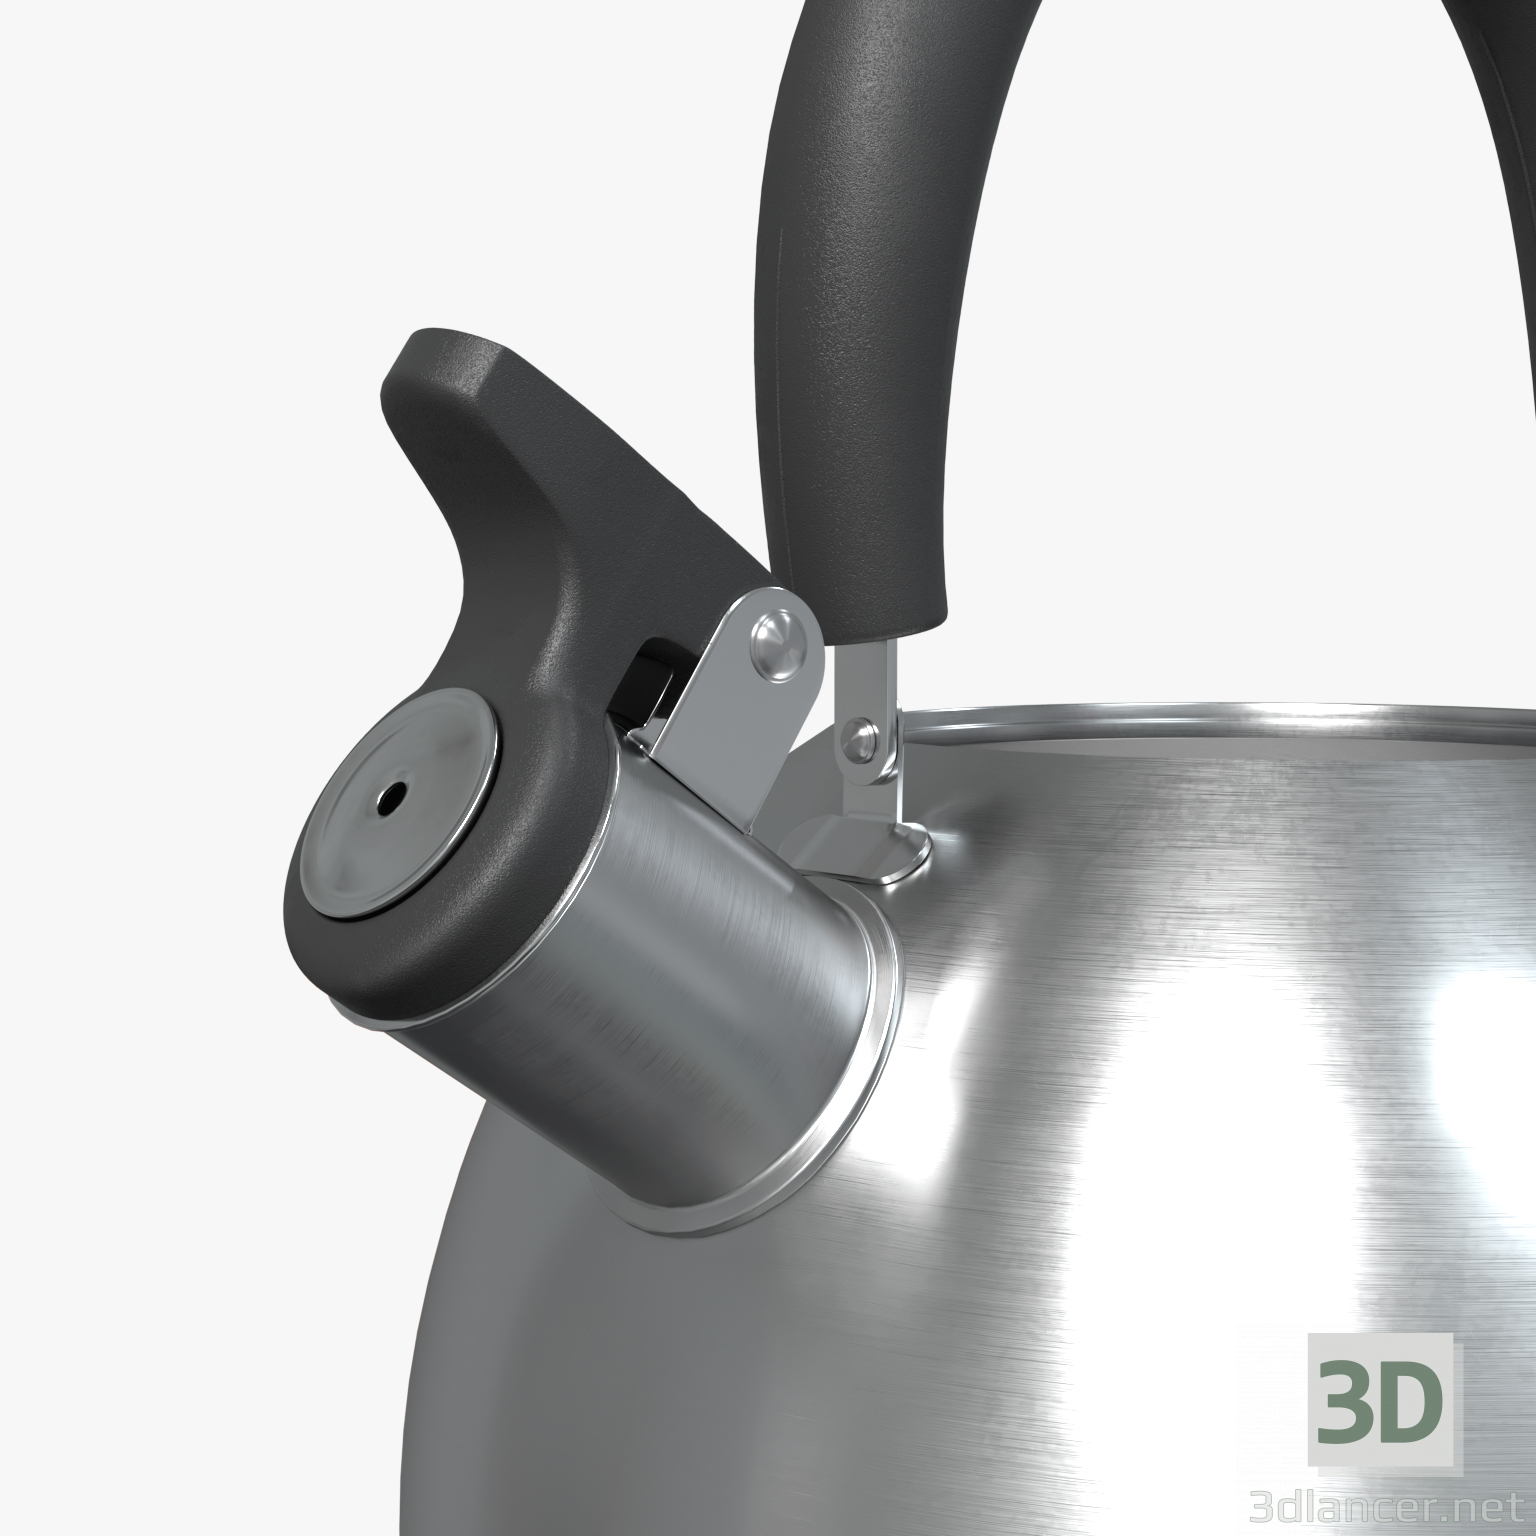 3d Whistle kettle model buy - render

════

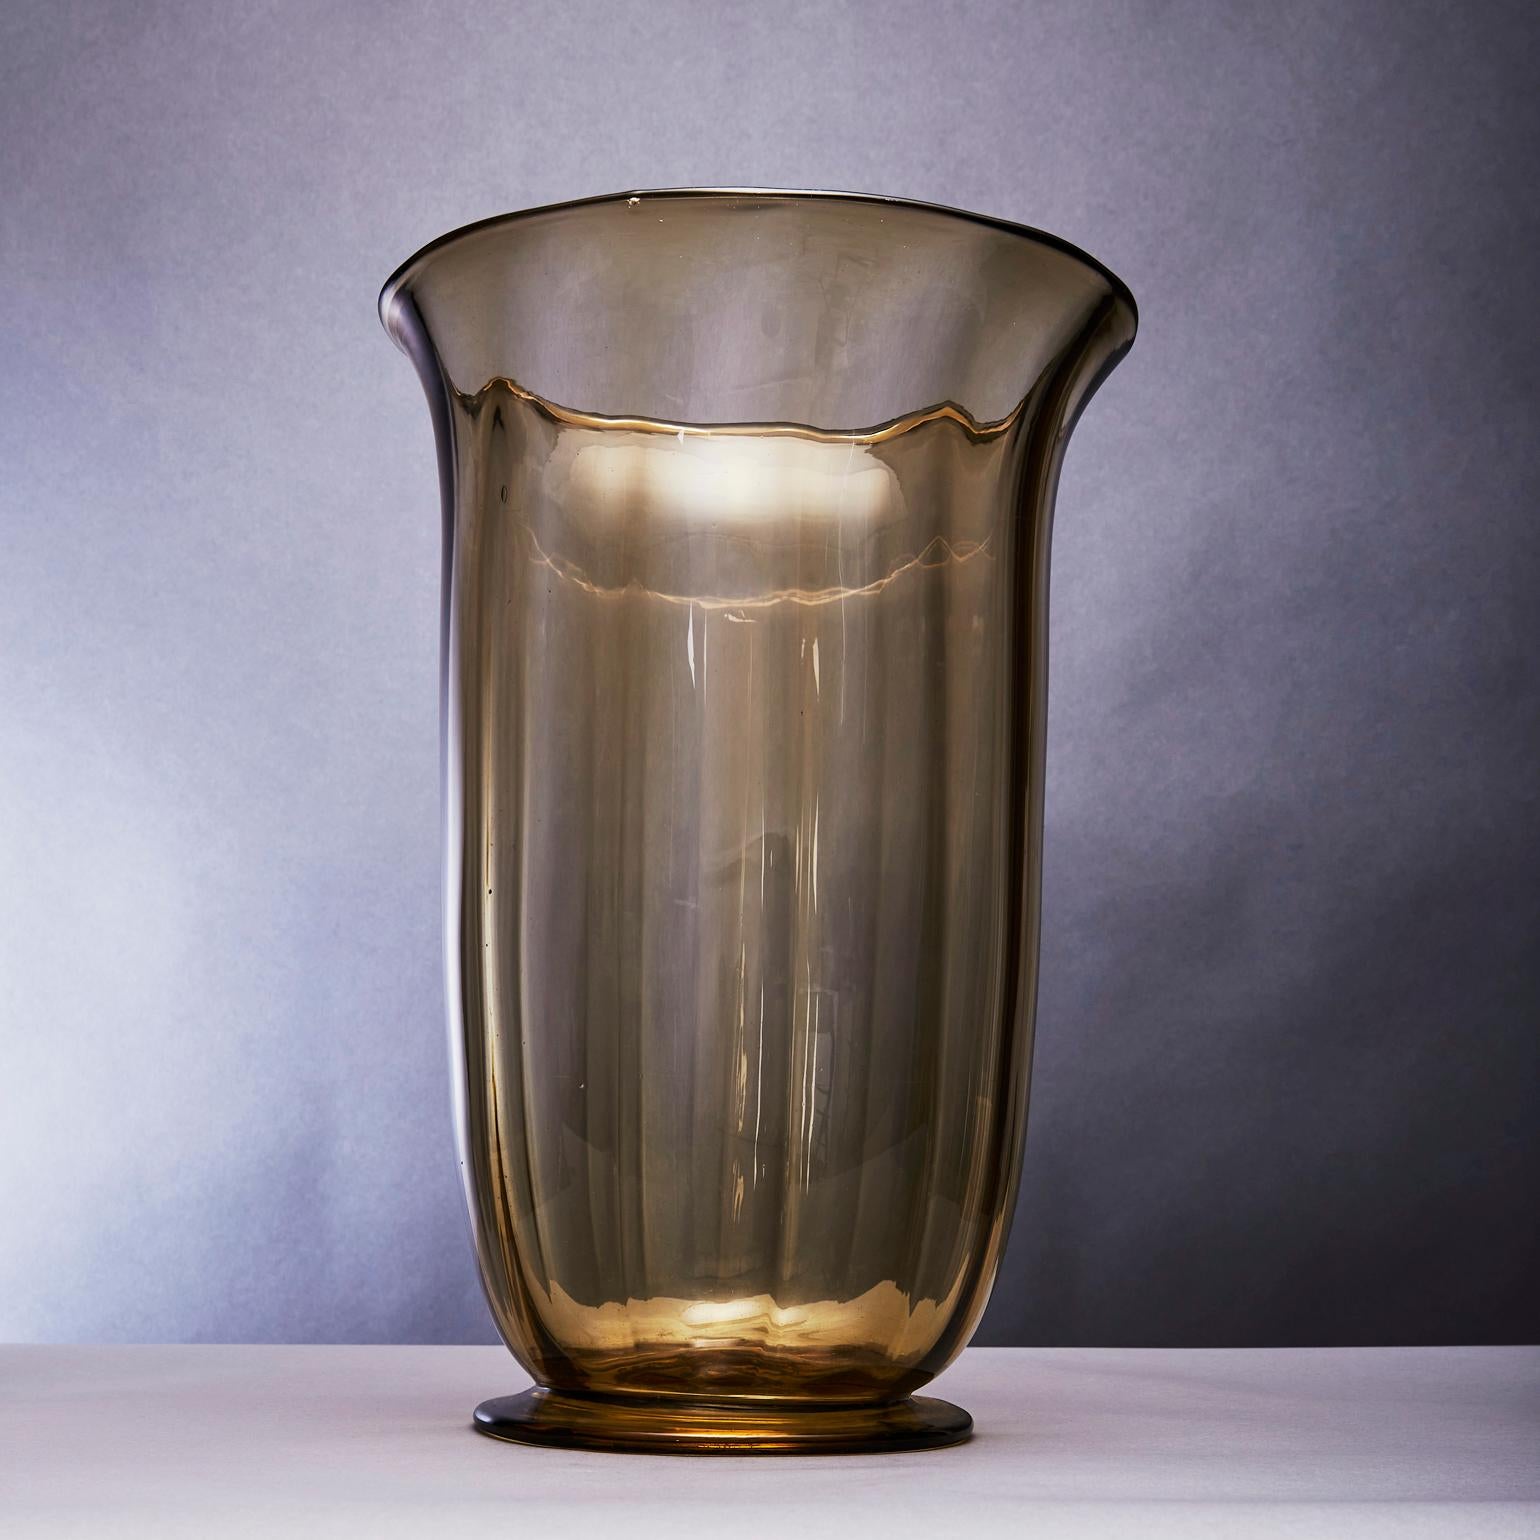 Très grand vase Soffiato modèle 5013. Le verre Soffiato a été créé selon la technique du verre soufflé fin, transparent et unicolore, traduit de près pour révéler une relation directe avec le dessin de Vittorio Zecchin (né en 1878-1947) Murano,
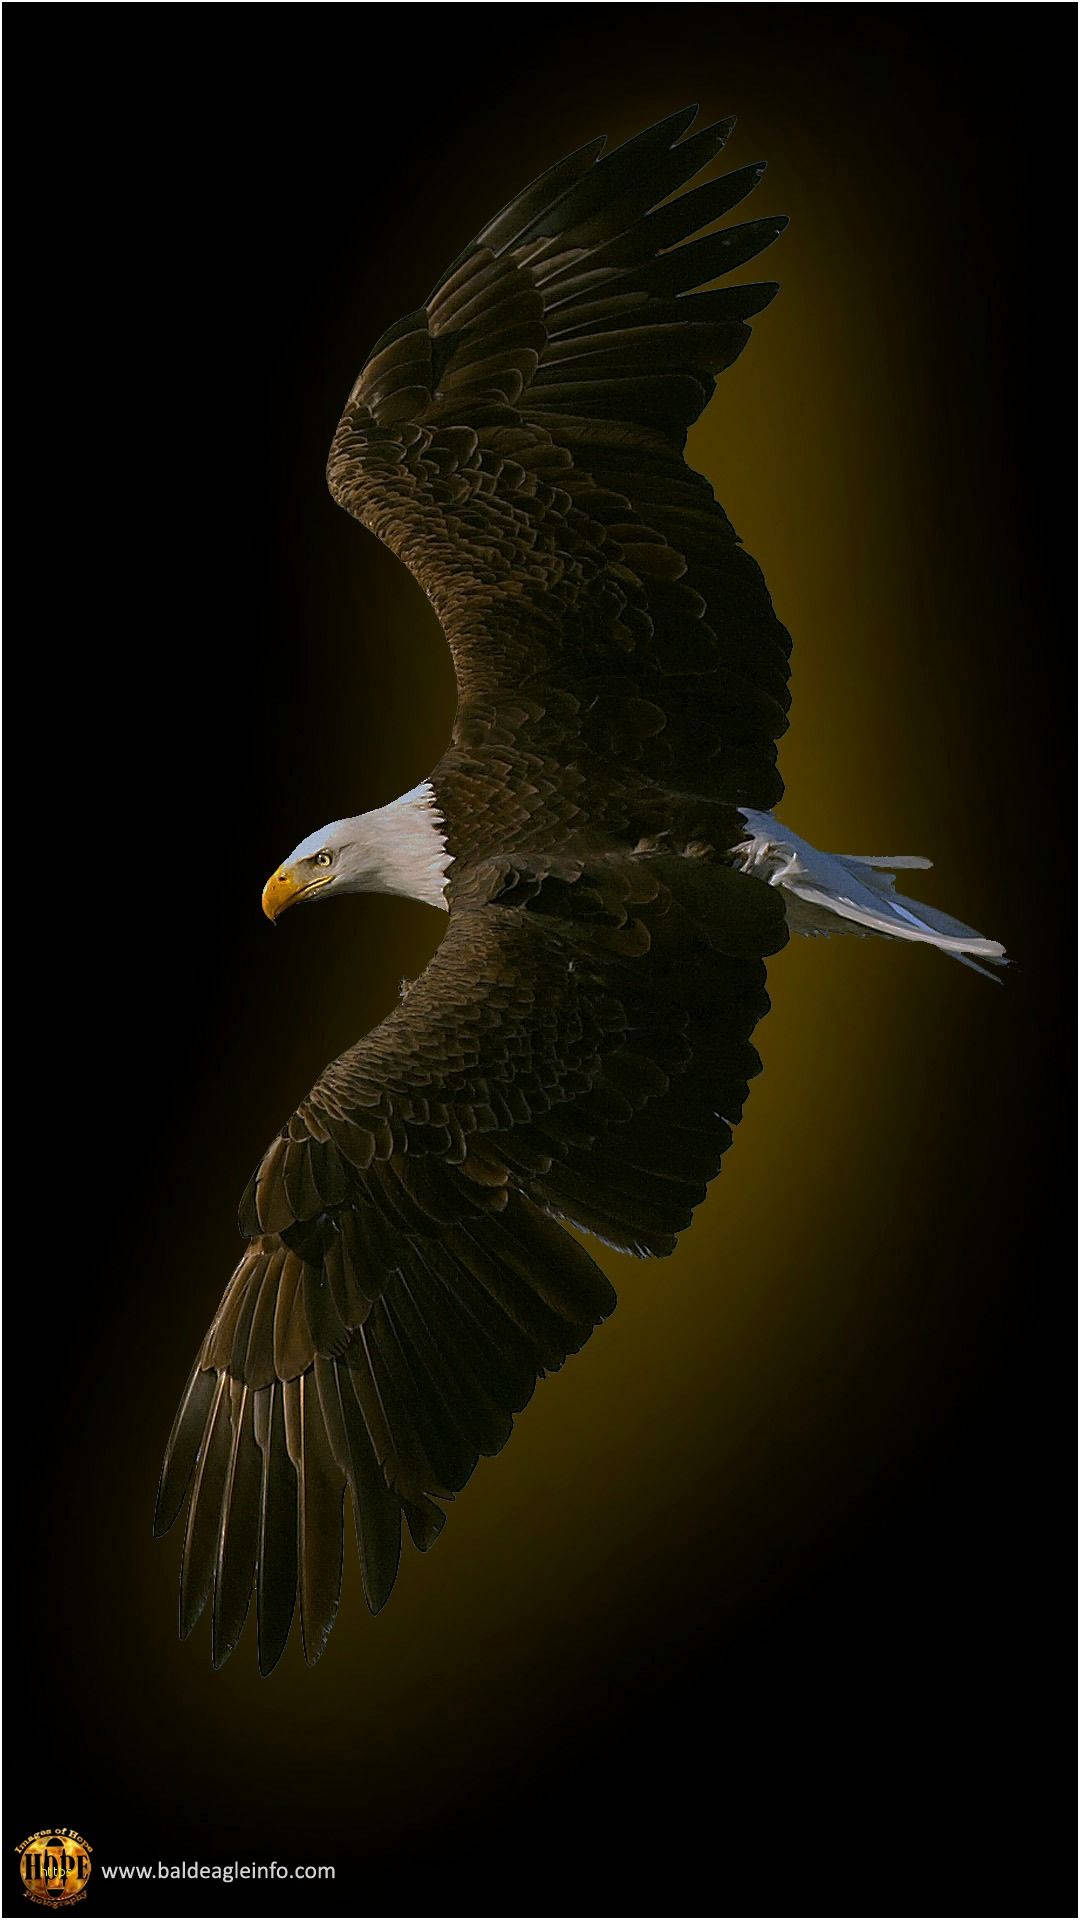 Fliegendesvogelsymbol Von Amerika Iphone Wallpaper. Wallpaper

════

**The problem**: Your answer should be the lines above, word for word, from the line with "Très grand vase" through the line with "Fliegendesvogelsymbol Von Amerika", minus the pictures.

**Solution**:
 Très grand vase Soffiato modèle 5013. Le verre Soffiato a été créé selon la technique du verre soufflé fin, transparent et unicolore, traduit de près pour révéler une relation directe avec le dessin de Vittorio Zecchin (né en 1878-1947) Murano,
 Fliegendesvogelsymbol Von Amerika Iphone Wallpaper. Wallpaper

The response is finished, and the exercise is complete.